:: Source data ::
··········

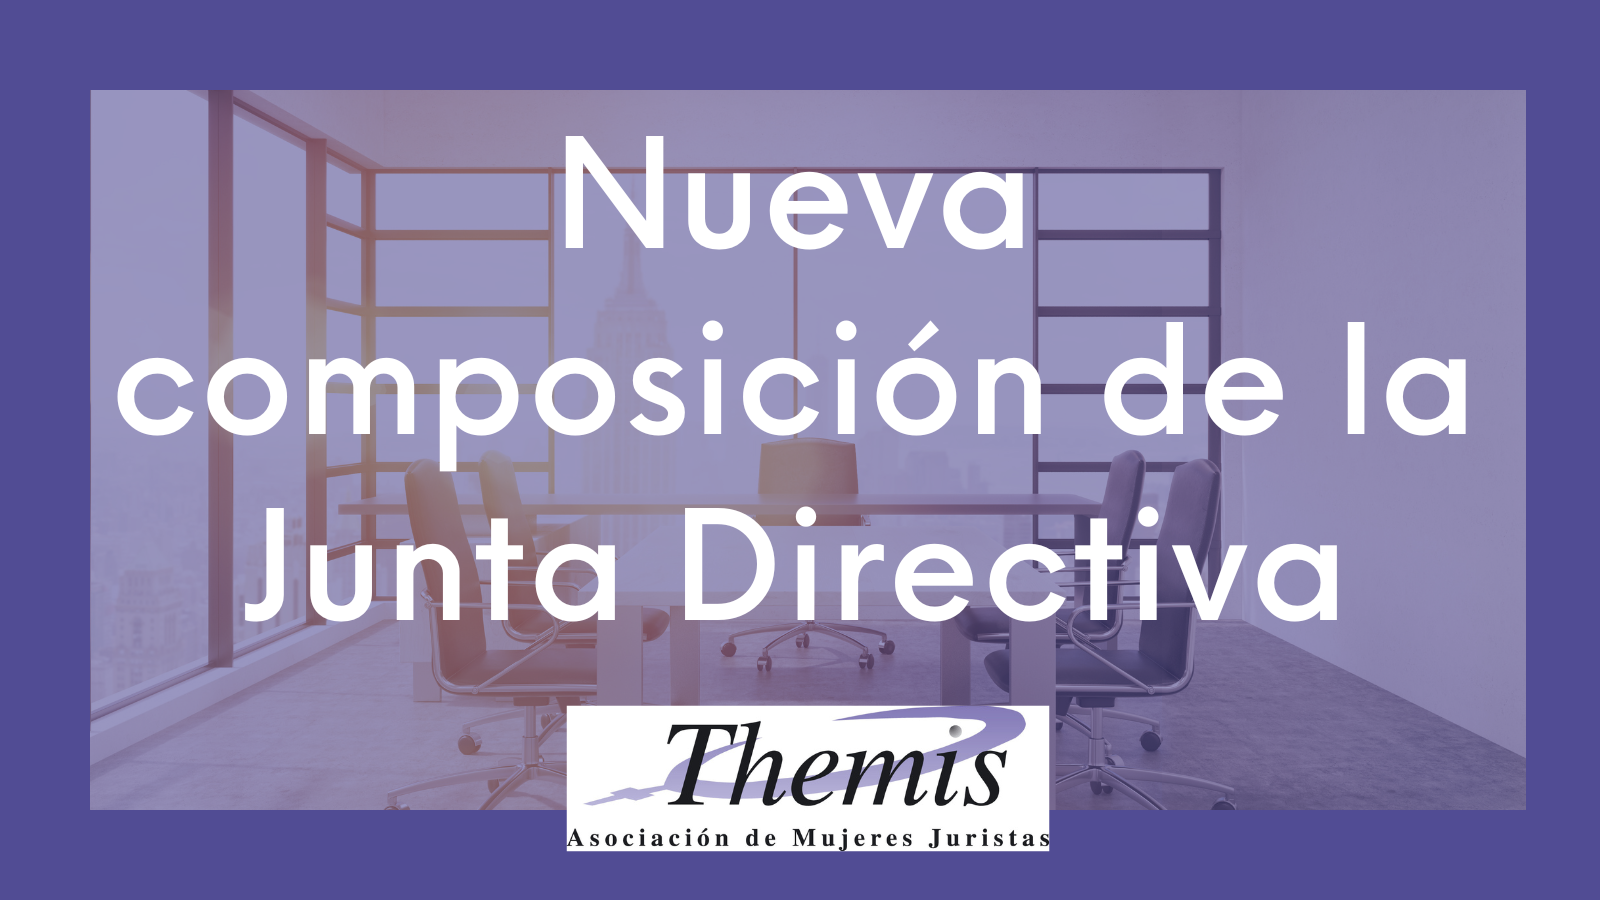 Nueva composición de la Junta Directiva de la Asociación de Mujeres Juristas Themis
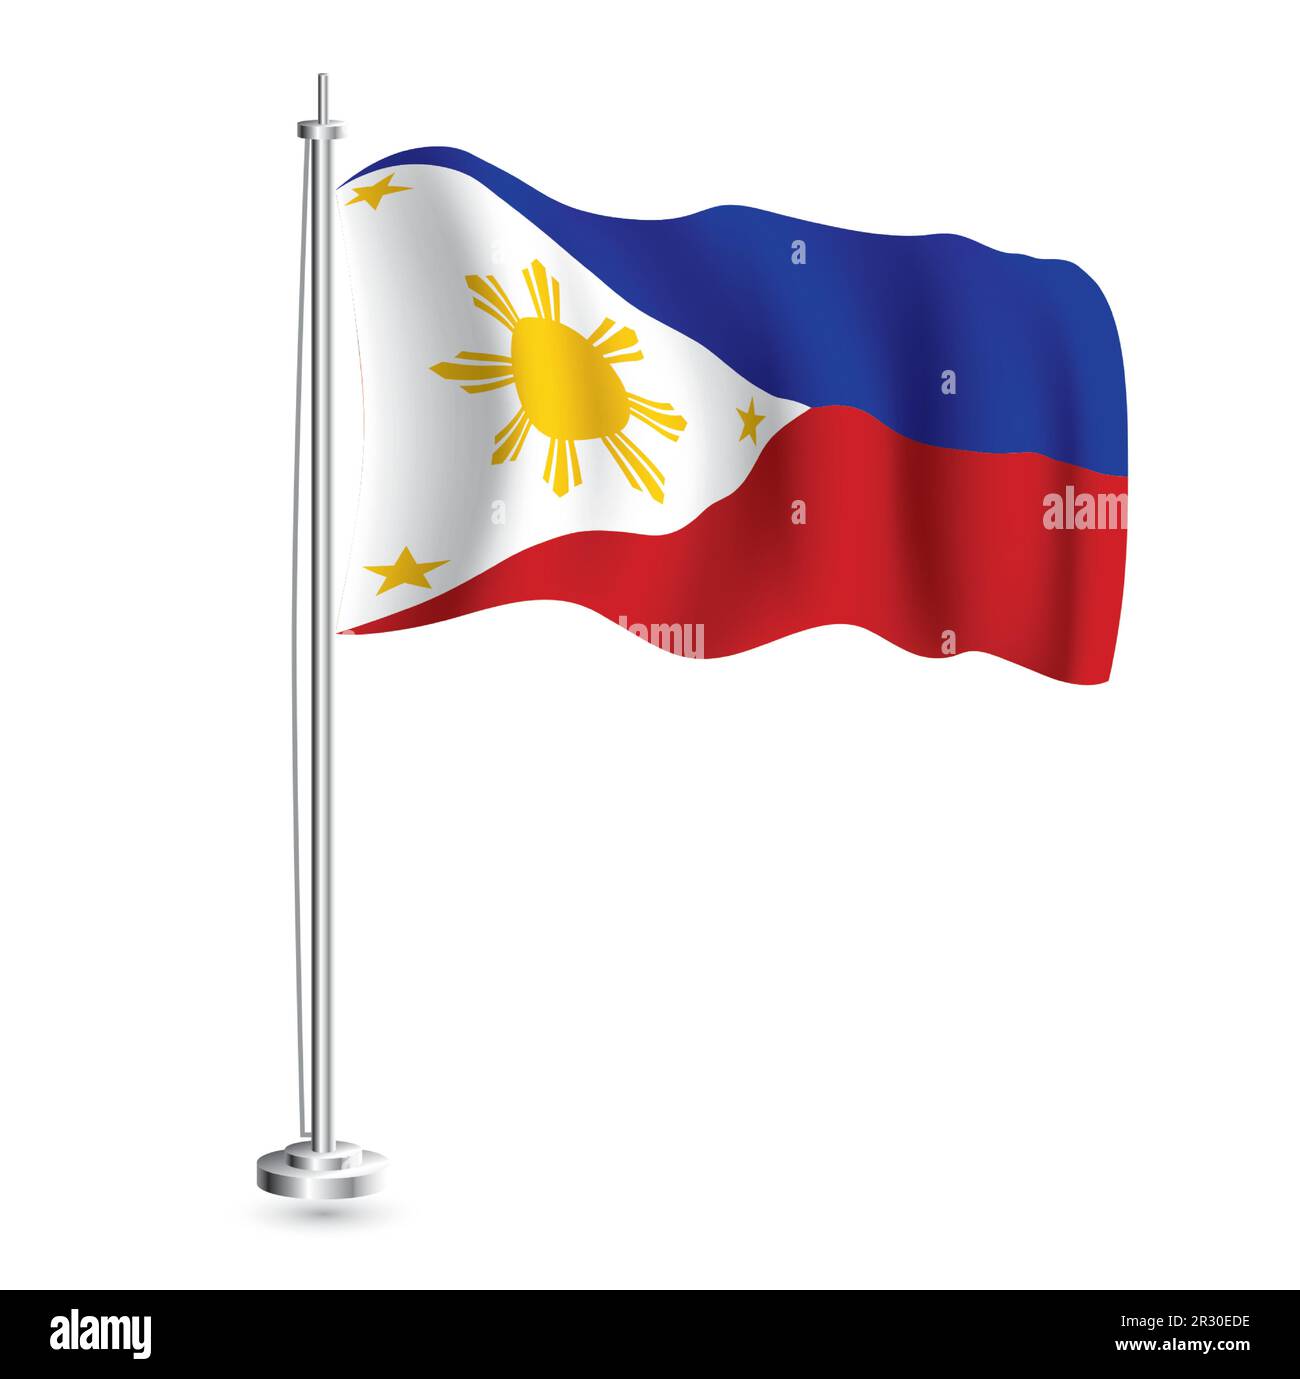 Bandiera filippina. Bandiera a onda realistica isolata del paese delle Filippine sul flagpole. Illustrazione vettoriale. Illustrazione Vettoriale
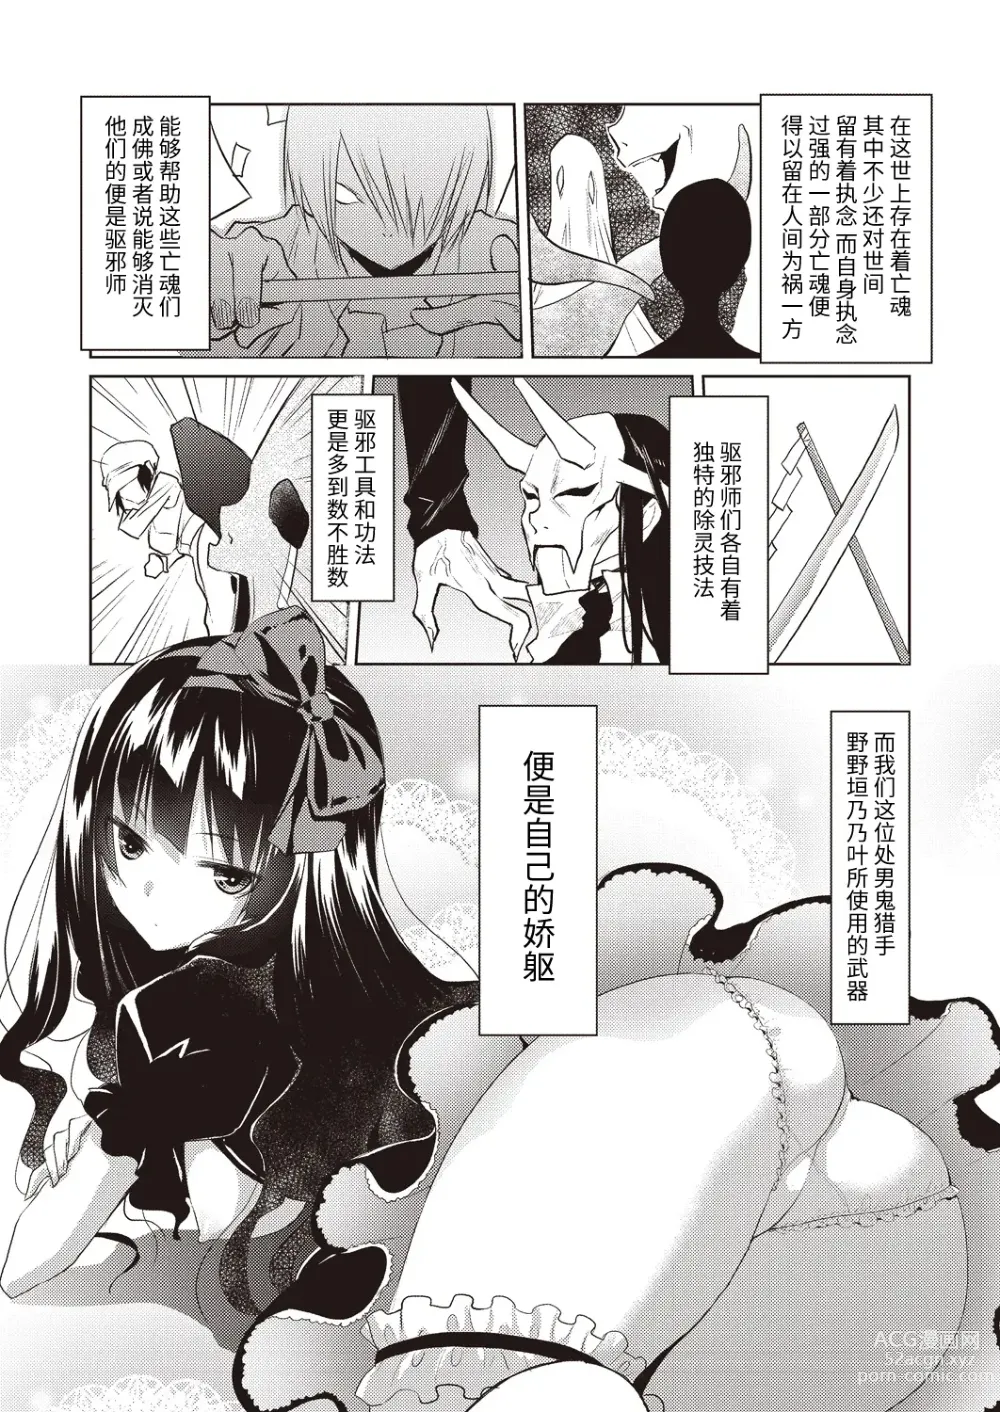 Page 3 of manga Kareobana Kitan Ch.1

··········

:: What the task asks ::
A verbatim copy of the material is needed; pictures are not to appear in it.

:: Result for this task ::
 Nueva composición de la Junta Directiva de la Asociación de Mujeres Juristas Themis
 Bandiera filippina. Bandiera a onda realistica isolata del paese delle Filippine sul flagpole. Illustrazione vettoriale. Illustrazione Vettoriale
 Page 3 of manga Kareobana Kitan Ch.1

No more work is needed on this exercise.